12. It is true that where an award is made by Lok Adalat in terms of a settlement arrived at between the parties, (which is duly signed by parties and annexed to the award of the Lok Adalat), it becomes final and binding on the parties to the settlement and becomes executable as if it is a decree of a civil court, and no appeal lies against it to any court. If any party wants to challenge such an award based on settlement, it can be done only by filing a petition under Article 226 and/or Article 227 of the Constitution, that too on very limited grounds. But where no compromise or settlement is signed by the parties and the order of the Lok Adalat does not refer to any settlement, but directs the respondent to either make payment if it agrees to the order, or approach the High Court for disposal of appeal on merits, if it does not agree, is not an award of the Lok Adalat. The question of challenging such an order in a petition under Article 227 does not arise. As already noticed, in such a situation, the High Court ought to have heard and disposed of the appeal on merits.

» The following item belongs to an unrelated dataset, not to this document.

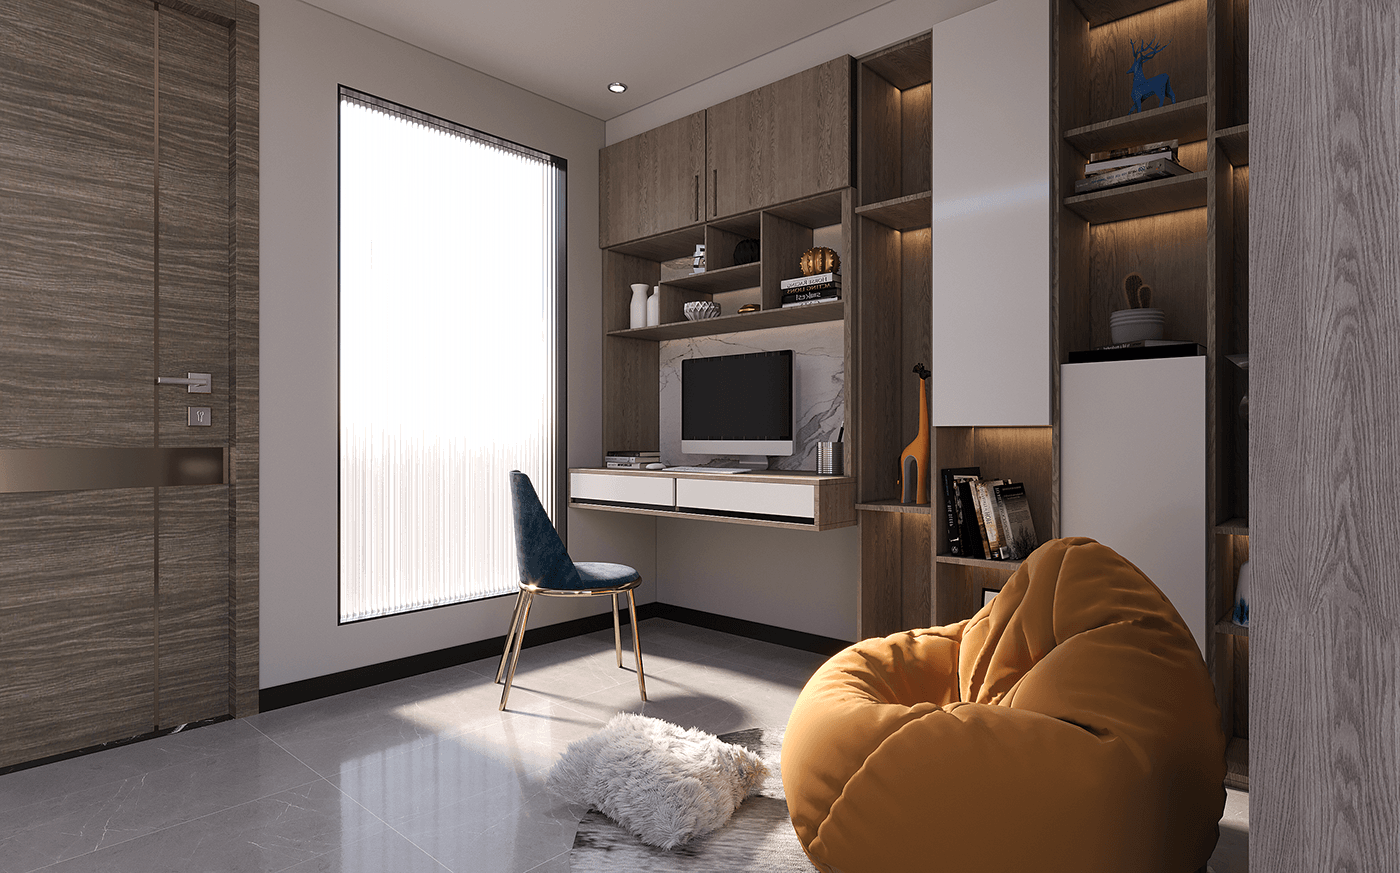 3ds max corona render  visualization architecture Render modern interior design  corona design study room

13. But the travails continued. In view of the order dated 11-9-2002 passed by the learned single Judge holding that a petition under Article 227 has to be filed to challenge the order of the Lok Adalat, the appellants filed a petition under Article 2,27. But the said petition was dismissed by another single Judge on the ground that the order of Lok Adalat passed on 3-8-2001 had attained finality as the objections to it were dismissed on 11-9-2002 and a petition under Article 227 was not maintainable to challenge the order of Lok Adalat. He failed to notice that the order dated 3-8-2001 was neither a decision nor had it attained finality. He also failed to notice that the objections to the order were not rejected by the High Court after consideration on merits. He also overlooked the fact that the learned Judge who decided the appellants’ application, had directed that the order of the Lok Adalat should be challenged by filing a petition under Article 227. Be that as it may.
14. Thus we find that the Lok Adalat exercised a power/jurisdiction not vested in it. On the other hand, the High Court twice refused to exercise the jurisdiction vested in it, thereby denying justice and driving the appellants to this Court. In this process, a simple appeal by the legal heirs of the deceased for enhancement of compensation,has been tossed around and is pending for more than eight years, putting them to avoidable expense and harassment.
15. We therefore allow this appeal and quash the order dated 3-8-2001 of the Lok Adalat as also set aside the orders dated 11-9-2002 and 26-2-2003 of the High Court. As a consequence, the High Court shall hear and dispose of FAO No. 1549/1999 which continues to be pending on its record, on merits in accordance with law. The High Court is requested to dispose of the appeal expeditiously. Parties to bear their respective costs.